Strange Brouhaha

Wednesday, May 03, 2006

In Praise Of Megan McCafferty

I haven't read either of Megan McCafferty's books, *Sloppy Firsts* or *Second Helpings.* I have, however, read the news. And McCafferty's two books were apparently plagiarized in both plot and 53 instances of prose by nineteen-year-old author Kaavya Viswanathan for her novel *How Opal Mehta Got Kissed, Got Wild, and Got a Life.*

Before Viswanathan's plagiarisms were discovered, she scored a $500,000 two-book contract and a movie deal for "Opal." (The book deal is now canceled and "Opal" permanently withdrawn from circulation.) Viswanathan contends the borrowings were "unconscious and unintentional."

Here's what gets me about this. A visit to McCafferty's website suggests that her two victimized novels, although solidly successful, were by no means broken upon the world with the fanfare that accompanied "Opal." There seems to have been no breathless "Wow, a $500,000 deal!!" publicity of the kind that Viswanathan so briefly enjoyed before being exposed. Since Viswanathan borrowed from "Firsts" and "Seconds" so heavily for her own book, one has to ask: how come they weren't worth this much the first time around? Paint 'em brown and dial back the age of their author and suddenly they're an event? I hope the publishing industry takes a good long look at itself.

Viswanathan is part of the same phenomenon that fueled those other literary fakers, James Frey and "JT Leroy." In each case, who they were (or claimed to be) drove the acceptance of their prose. Frey was supposed to be this big badass who beat up priests and did hard time, while "Leroy" was allegedly a former drug-addicted transsexual truck-stop prostitute. Whoah! Who wouldn't want to read a book by such over-the-edge, raw survivors? As for Viswanathan, she really *is* an Indian-American teenager--which apparently made Megan McCafferty's work look orders of magnitude better than it did when it belonged to McCafferty herself.

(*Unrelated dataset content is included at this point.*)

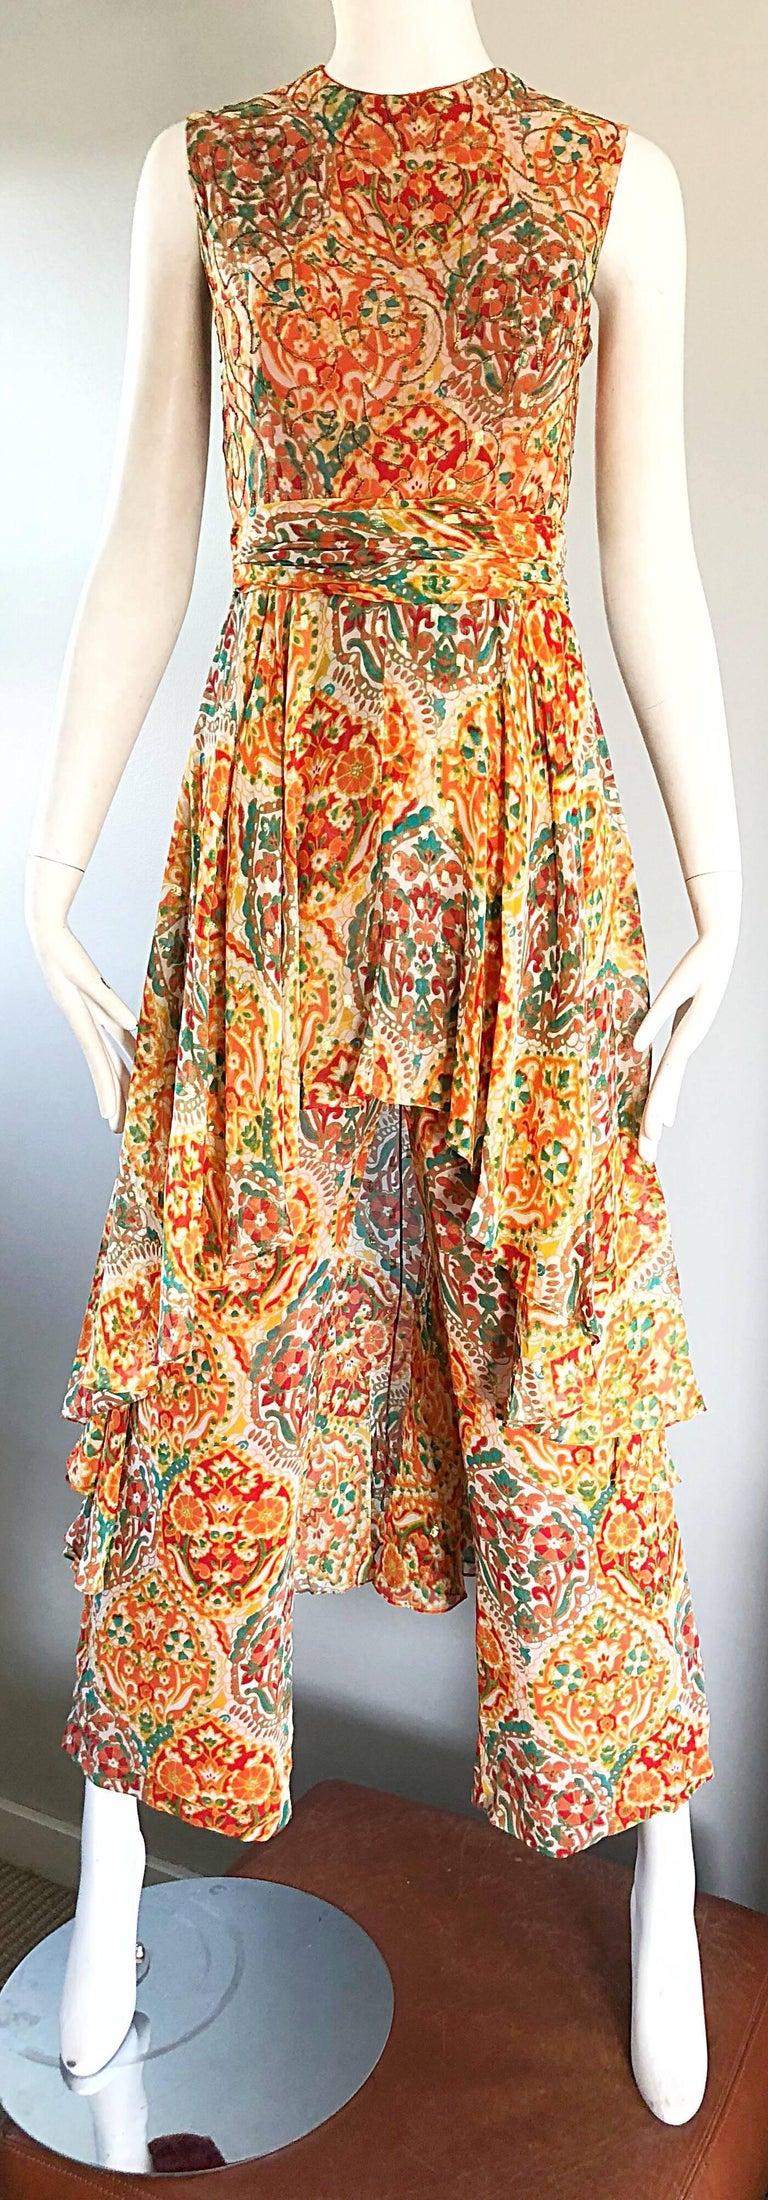 Oscar de la Renta Silk Boho Batik Print Vintage Jumpsuit with Attached Skirt  For Sale 4

So the publishing industry needs to ask itself: are we the publishing industry, or are we trying to be a phantom limb of the movie business? What are we selling, books or authors? I got news for you: 97% of authors are pasty, isolated obsessives who have no life. Because THEY SPEND ALL THEIR TIME WRITING. Because WRITING (even when you do it really fast like Stephen King) TAKES A LONG TIME. As many have pointed out, it is like manual labor. There are no shortcuts. You have to sit and do it. Writing 120,000 words--and with rewriting, it's more like 300,000--takes WAY longer than your average truck-stop transsexual has time for. Jean Genet (an *actual* gay prostitute who was one of the twentieth century's great cold absurdists) is pretty much the only one who broke that mold, and he was French--and his books are short.

As long as agents and editors allow themselves to be seduced by youth, "exoticism," danger, and the thought of crack-fueled blowjobs, they will be vulnerable to fakers. My heart goes out to Megan McCafferty, who must feel deeply hurt that her ideas and words rocketed a teenager to fame while earning far less--a lot, but far less--for herself. Because it's so obviously personal. McCafferty was less "interesting," therefore her books were less interesting.

If authors are judged like that, then they lose. Period.